From the listing that follows, reproduce only the lines from the one holding "2005年重庆大学硕士研究生物理化学(含物理化学实验)入学考试考试" through the one holding "Atlanta Celebrates the", both included, with no pictures.

▸ **Exercise data**:
#####
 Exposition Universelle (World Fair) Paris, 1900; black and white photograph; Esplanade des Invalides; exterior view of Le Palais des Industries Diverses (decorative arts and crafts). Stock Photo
#####
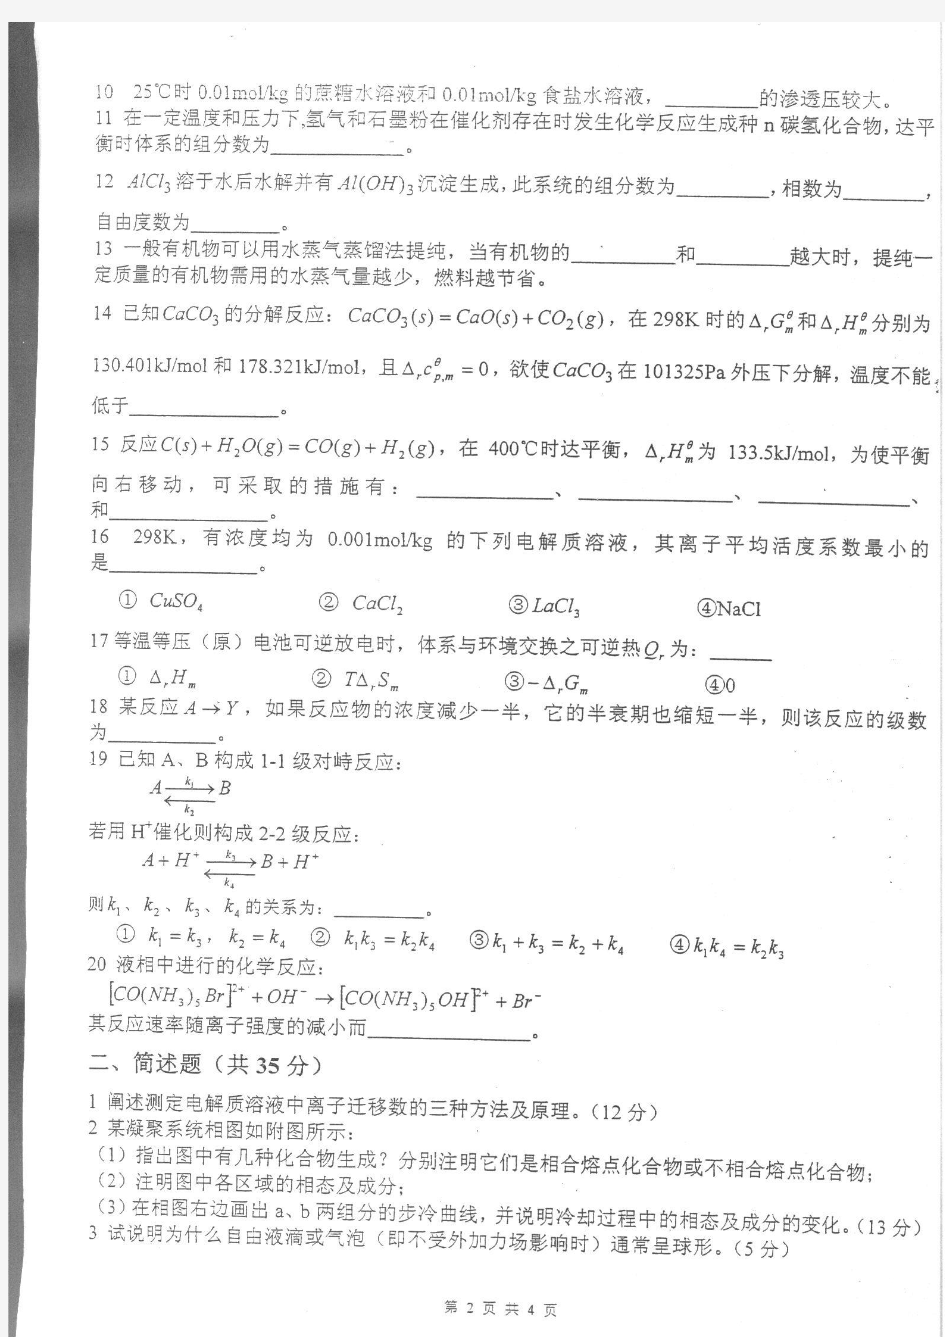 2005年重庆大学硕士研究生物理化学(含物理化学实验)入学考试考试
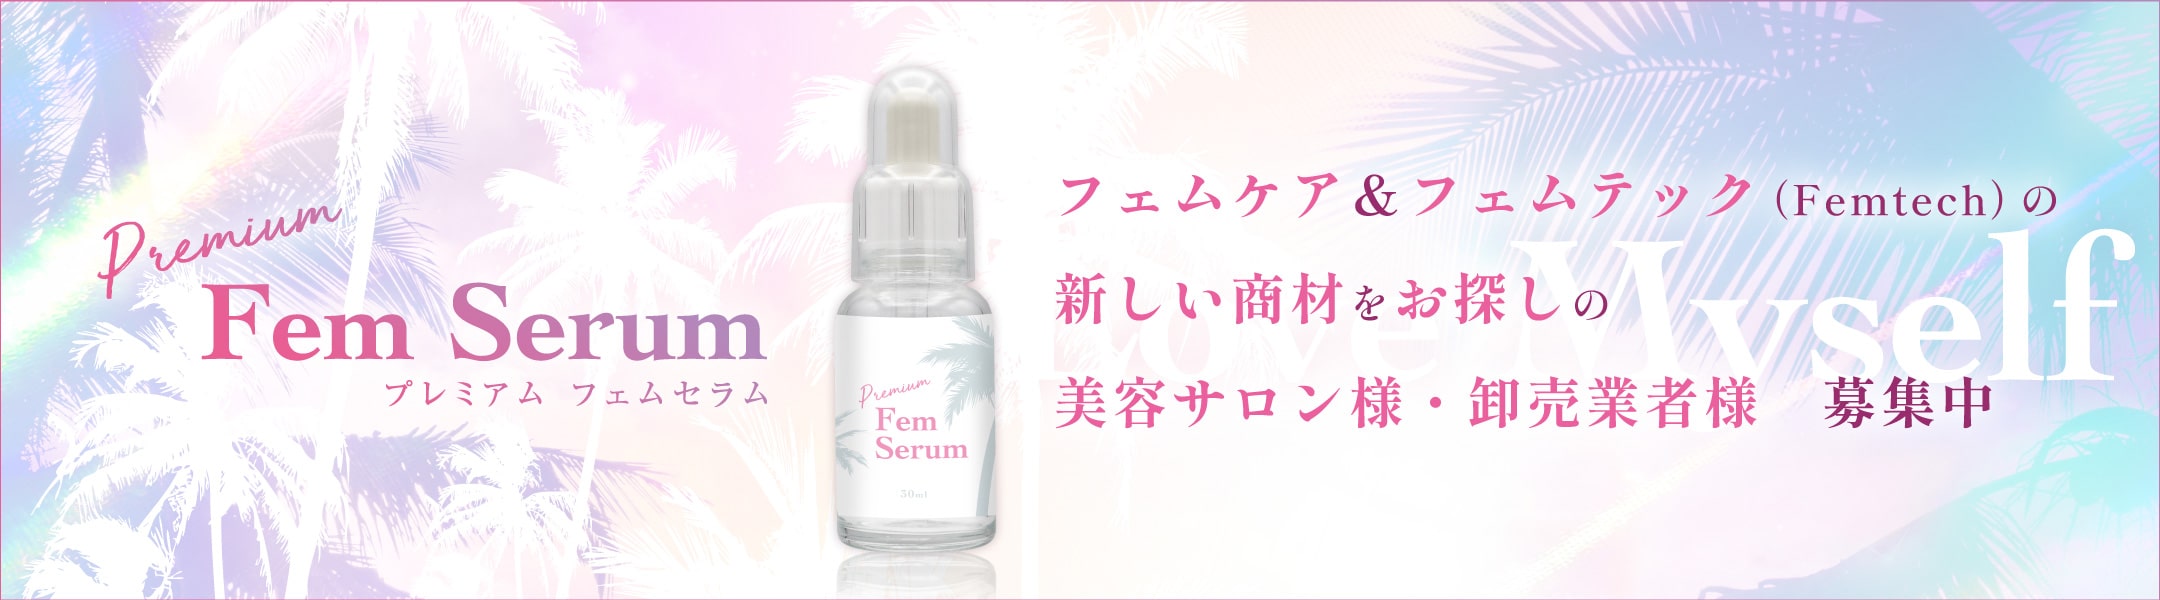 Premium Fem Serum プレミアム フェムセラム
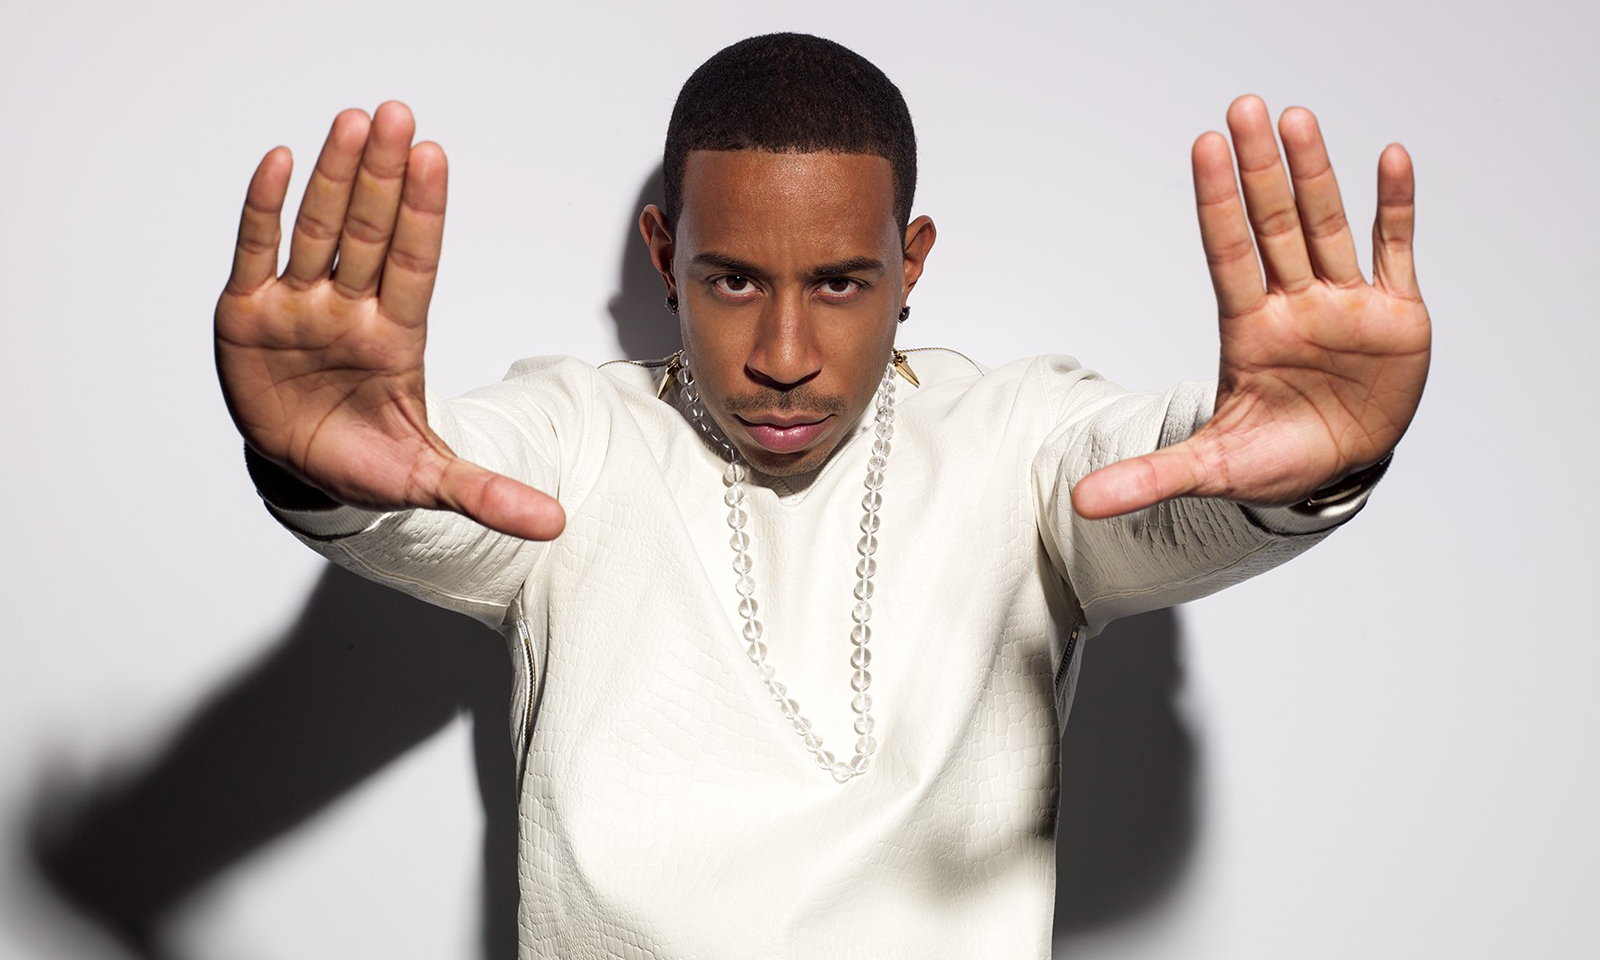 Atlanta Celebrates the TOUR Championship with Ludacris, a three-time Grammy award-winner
#####
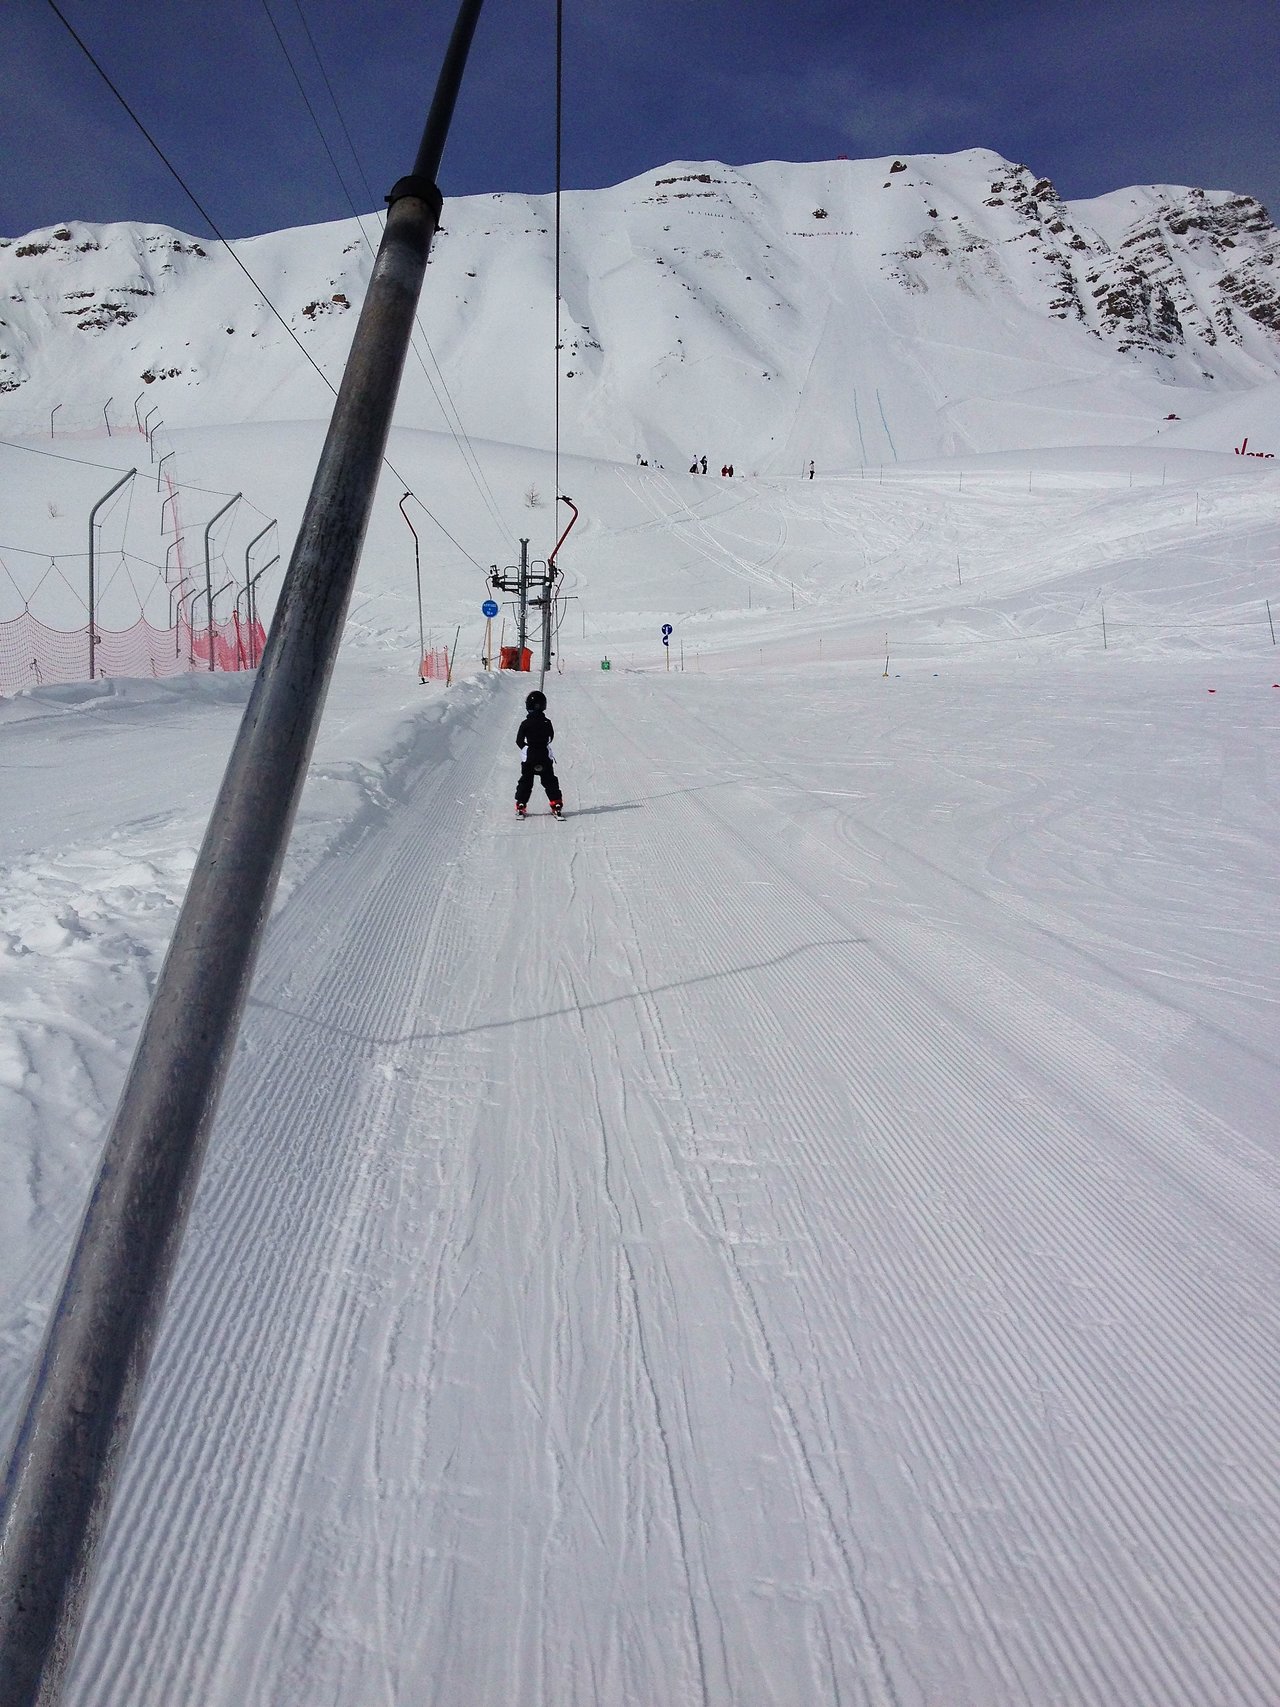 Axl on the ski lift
#####
▸ **Solution to the exercise**:
 2005年重庆大学硕士研究生物理化学(含物理化学实验)入学考试考试
 Premium Fem Serum プレミアム フェムセラム
 Atlanta Celebrates the TOUR Championship with Ludacris, a three-time Grammy award-winner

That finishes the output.